Lorsque les parents amènent leurs enfant dans cette école, ils nous confient leur plus grands trésors. Nous le savons et nous le respectons. Collaborer avec les parents est un aspect primordial. Un enfant à la maison et un enfant à l’école sont deux êtres très différents. S’il n’y a pas de cohésion entre les deux dans l’attitude et dans l’éducation, il est difficile de soutenir l’enfant. C’est pour cela que nous parlons d’abord aux parents, que nous leur expliquons qui nous sommes, quelle pédagogie et quels principes nous suivons. Nous discutons de l’alimentation, des médias, du sommeil. Nous organisons souvent des lectures et des rencontres afin qu’ils apprennent autant qu’ils le peuvent la pédagogie et le développement de l’enfant. Les parents nous aident à organiser les vacances, les rénovations et les activités scolaires. Les enfants, en voyant leur engagement, se mettent à considérer l’école comme une seconde maison. Voir cette continuité permet aux enfants de savoir qu’ils sont dans un environnement sûr, et qu’ils peuvent s’y développer.

Tu as mentionné que ton travail demande beaucoup d’énergie.
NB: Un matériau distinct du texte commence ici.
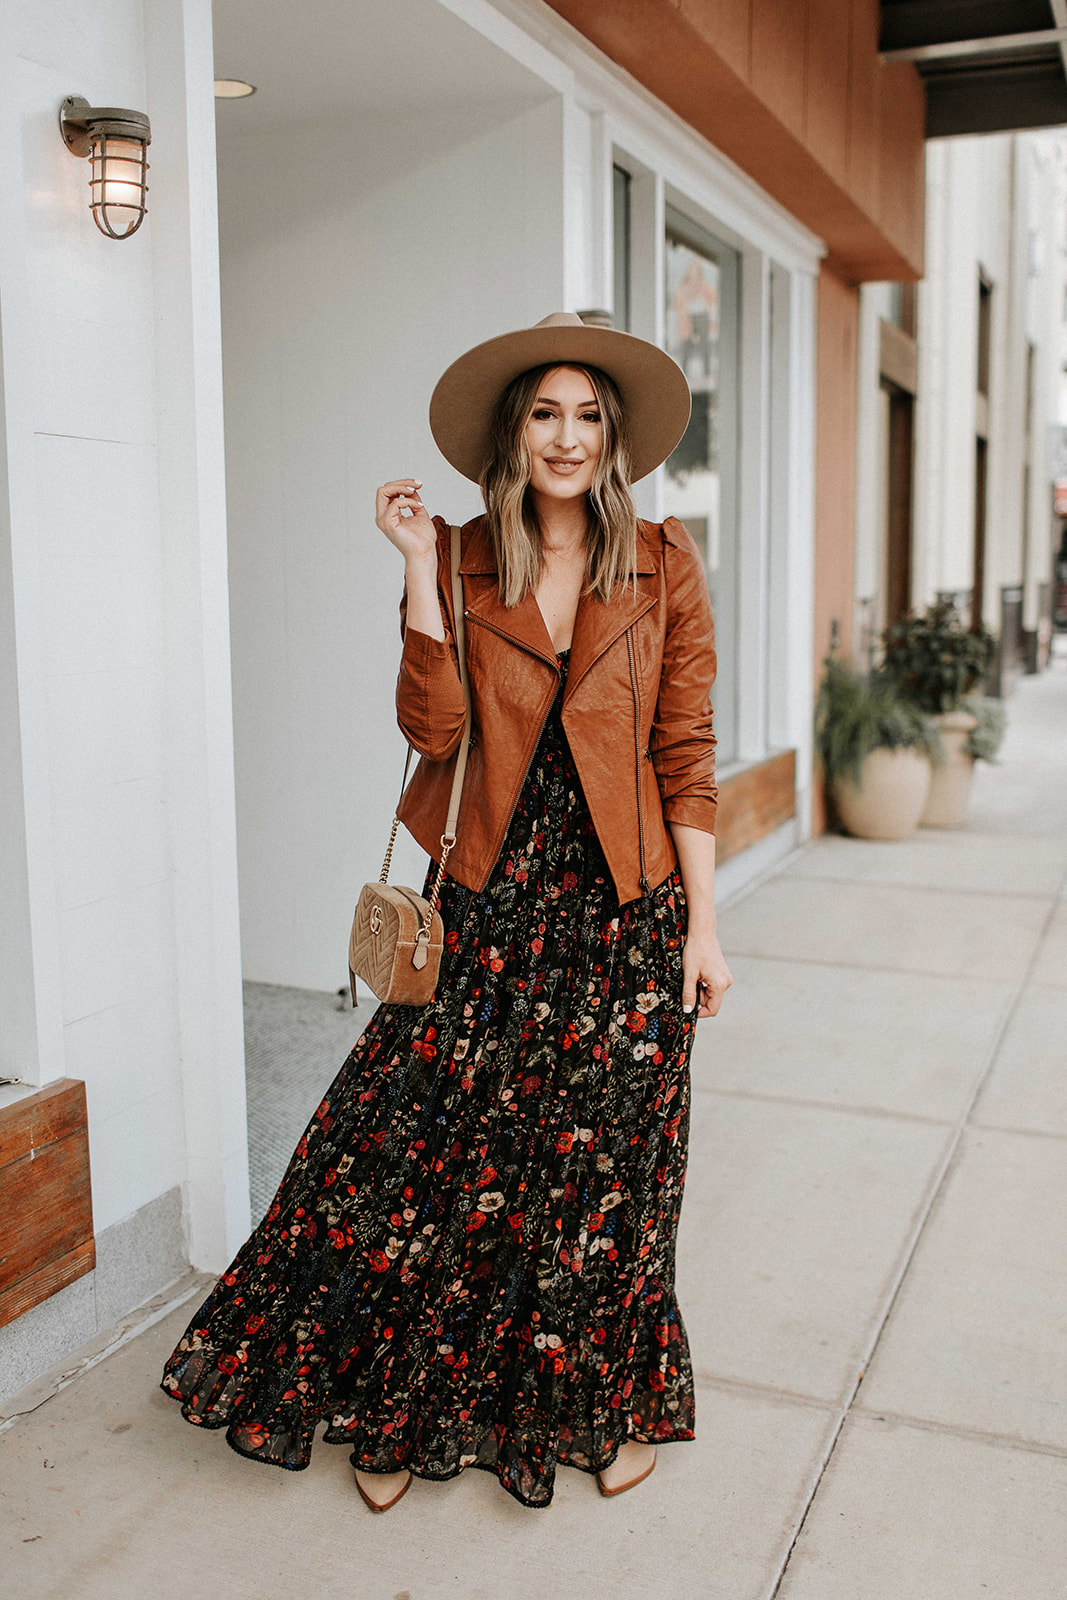 fall maxi dress and ankle boots outfit

Comment récupères-tu ?

Je promène mon chien, je vais prendre le café avec ma soeur. Je prie, je chante, je peins, et j’apprécie beaucoup le fait de dormir. J’aime discuter avec les gens. J’ai deux activités préférées : parler, et vagabonder. Etre une interlocutrice est ma raison d’être dans la société. J’aime les gens. J’aime aussi divaguer seule, au sens propre comme au figuré. J’aime les prairies, la peinture, lire des bouquins épais, ou simplement méditer.
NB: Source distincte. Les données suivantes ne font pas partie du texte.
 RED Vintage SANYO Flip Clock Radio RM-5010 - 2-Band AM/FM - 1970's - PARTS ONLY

Et être en compagnie de femmes ? Quelle importance a pour toi ce qu’on appelle « l’énergie féminine » ? Y’a-t-il des femmes qui te supportent, sur qui tu peux toujours compter ?

J’avais dix-huit ans quand j’ai rencontré une française qui m’a montré ce que signifier se connecter à l’énergie féminine. Grâce à elle, j’ai appris la valeur d’une discussion, de faire de l’herboristerie, de marcher, de passer du temps ensemble, silencieusement, ou de cuisiner. Cette expérience a changé le cours de ma vie. Puis j’ai rencontré Maga, mère-amazone, artiste  de la vie, mon ange-gardien, avec une morale à toute épreuve et un coeur énorme. Un simple coup de téléphone de sa part est suffisant pour que le monde retrouve de ses couleurs.
Je retiens aussi cette femme que j’ai rencontrée en Inde, qui m’avait ordonné de rentrer chez moi pour m’occuper de mes enfants sans considérer mon intrépidité pour les aventures mystiques. Et finalement ma soeur chérie qui m’accompagne tranquillement dans la vie, qui me réveille tous les matins, qui me fait garder les pieds sur terre, qui me guide parfois… Il y a eu des impulsions qui m’ont construite. Maintenant que je donne des cours, je rencontre des jeunes filles et à travers mon attitude je les guide vers le monde féminin. Je fais attention à la valeur de passer du temps avec des femmes, parce qu’elles apportent un support et une grande sagesse. J’espère que j’aide ces jeunes filles dans leur voyage à travers la vie.

 

« Accepter ce que donne la vie. Je ne me bats pas, même si je me rebelle parfois. »

 

Tu donnes l’impression d’être une personne accomplie et heureuse. Qu’est-ce que le bonheur pour toi ?

Accepter ce que donne la vie. Je ne me bats pas, même si je me rebelle parfois. Je vais me promener dans la nature et elle me rappelle que tout passe vite, que tout est temporaire, et qu’il ne dépend que de vous de choisir la façon de faire face à la vie. Oui, je pense que je suis satisfaite.